“Unless a grain of wheat falls into the earth and dies, it remains alone; but if it dies, it bears much fruit.” – John 12:24
“The last enemy to be destroyed is death...Death is swallowed up in victory.” – 1 Corinthians 15:26, 54
"The greater the sin, the greater the mercy, the deeper the death and the brighter the rebirth.” - C. S. Lewis
"This story...has the very taste of primary truth." - J. R. R. Tolkien

Wednesday, June 17, 2009

The Paradox of Christ: God and Man

…Another paradox can be observed in the being of God himself. In the person of Jesus Christ, God became a man. Jesus Christ is both a human being and the second person of the Trinity. Put simply, this man, Jesus, was and is the God of the universe. It is a shocking statement.

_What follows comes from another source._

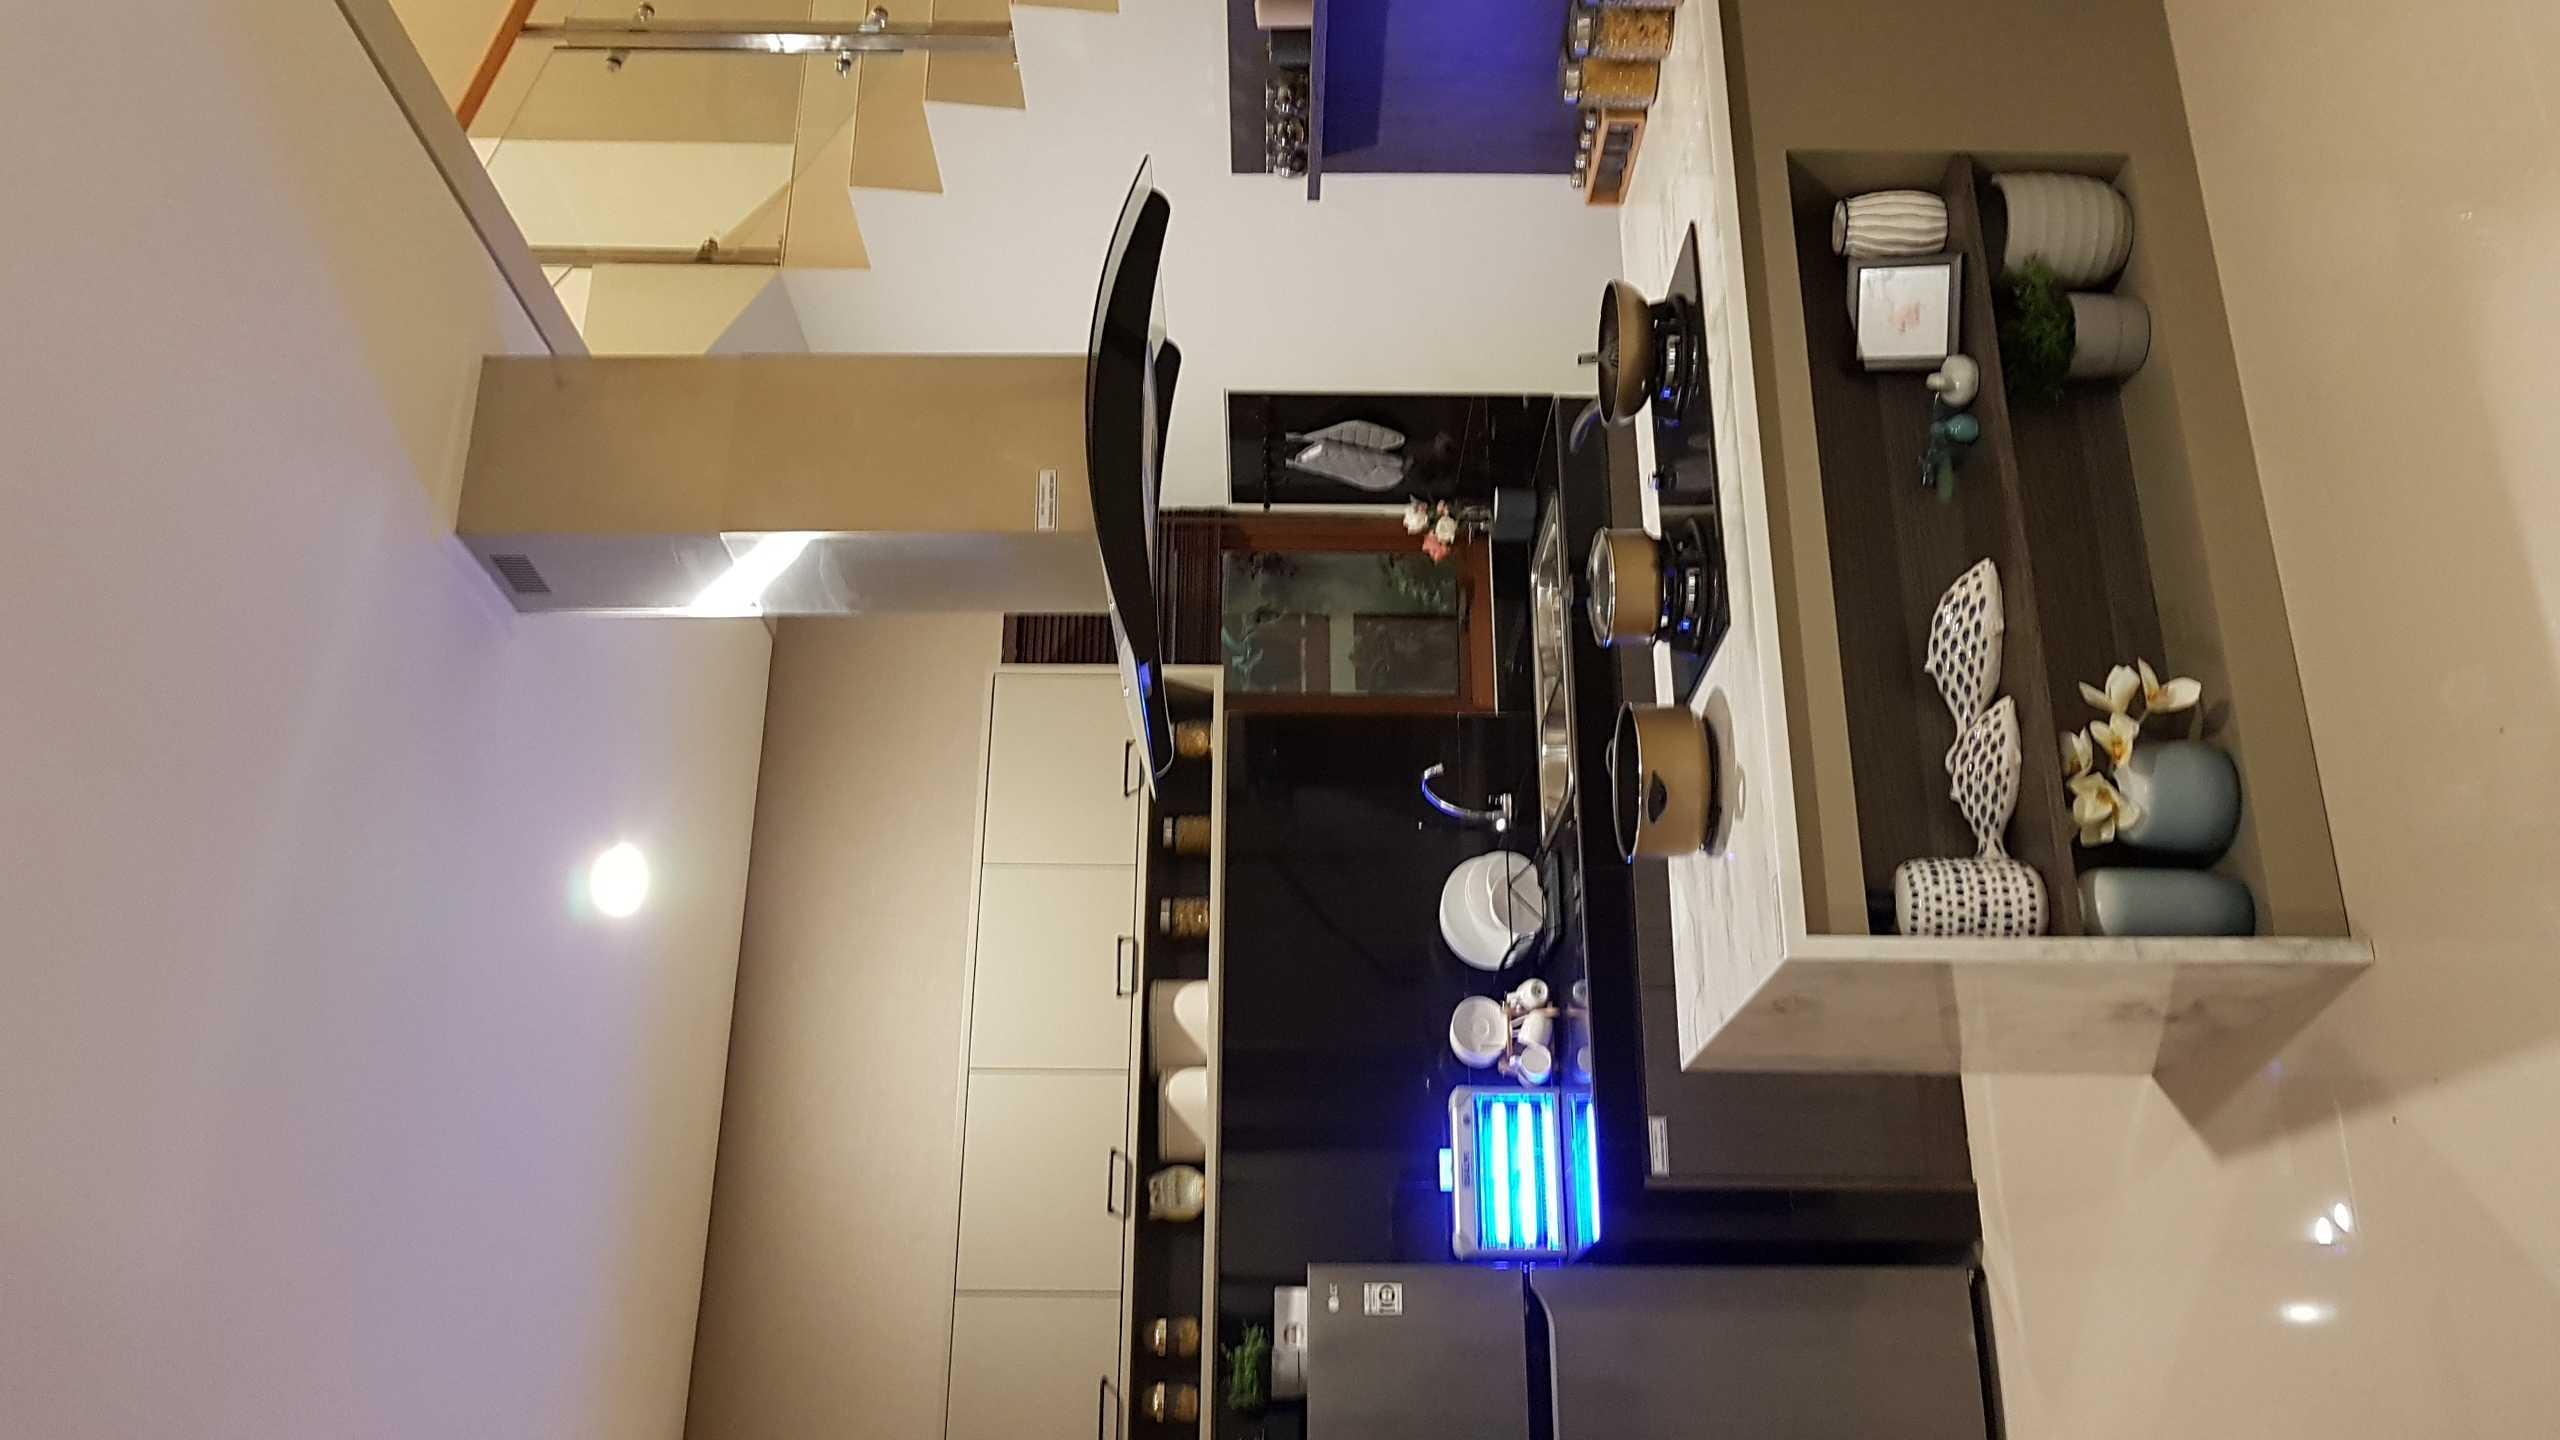 Triplus Homes Premier Estate Cibubur, Kec. Ciracas, Kota Jakarta Timur, Daerah Khusus Ibukota Jakarta, Indonesia Cibubur, Kec. Ciracas, Kota Jakarta Timur, Daerah Khusus Ibukota Jakarta, Indonesia Triplus-Homes-Premier-Estate   104000

“Christ Jesus…though he was in the form of God, did not count equality with God a thing to be grasped, but made himself nothing, taking the form of a servant, being born in the likeness of men.” – Philippians 2:5-7
“The Word was God” (John 1:1) and “the Word became flesh” (John 1:14) – in Christ God revealed his glory to his people as never before in history, yet this was done in the humble act of incarnation, becoming flesh. This person, this God-man, both exists eternally outside of and beyond time as the omniscient, omnipotent Creator (John 1:3, 1 Corinthians 8:6, Colossians 1:16, Hebrews 1:2) and came into existence within time at a specific point.* He emptied himself (Philippians 2:7, “made himself nothing”) of the full extent of his divine qualities (presumably knowledge, comprehension, etc.) and took upon himself the limited, finite mind and body of man. The implications of this are quite interesting. For example, as a man, the divine author of mathematics would have been, like all humans, fallible in his human understanding of mathematics. The designer of the universe would have been, as a 1st-century Jew, completely oblivious to the wonders of quantum mechanics and relativity by which the world functions. How strange, this divine emptying, this kenosis, in which the God of all reality “makes himself nothing” and gives himself for man out of love, becomes incarnate that man might be deified:
“He came below to raise me above, he was born like me that I might become like him.” – The Valley of Vision, p. 16
*There is something of a paradox in the virgin birth. Mary was a virgin, and she conceived and gave birth to Jesus. It is not a logical contradiction, but a miraculous event, unique in history.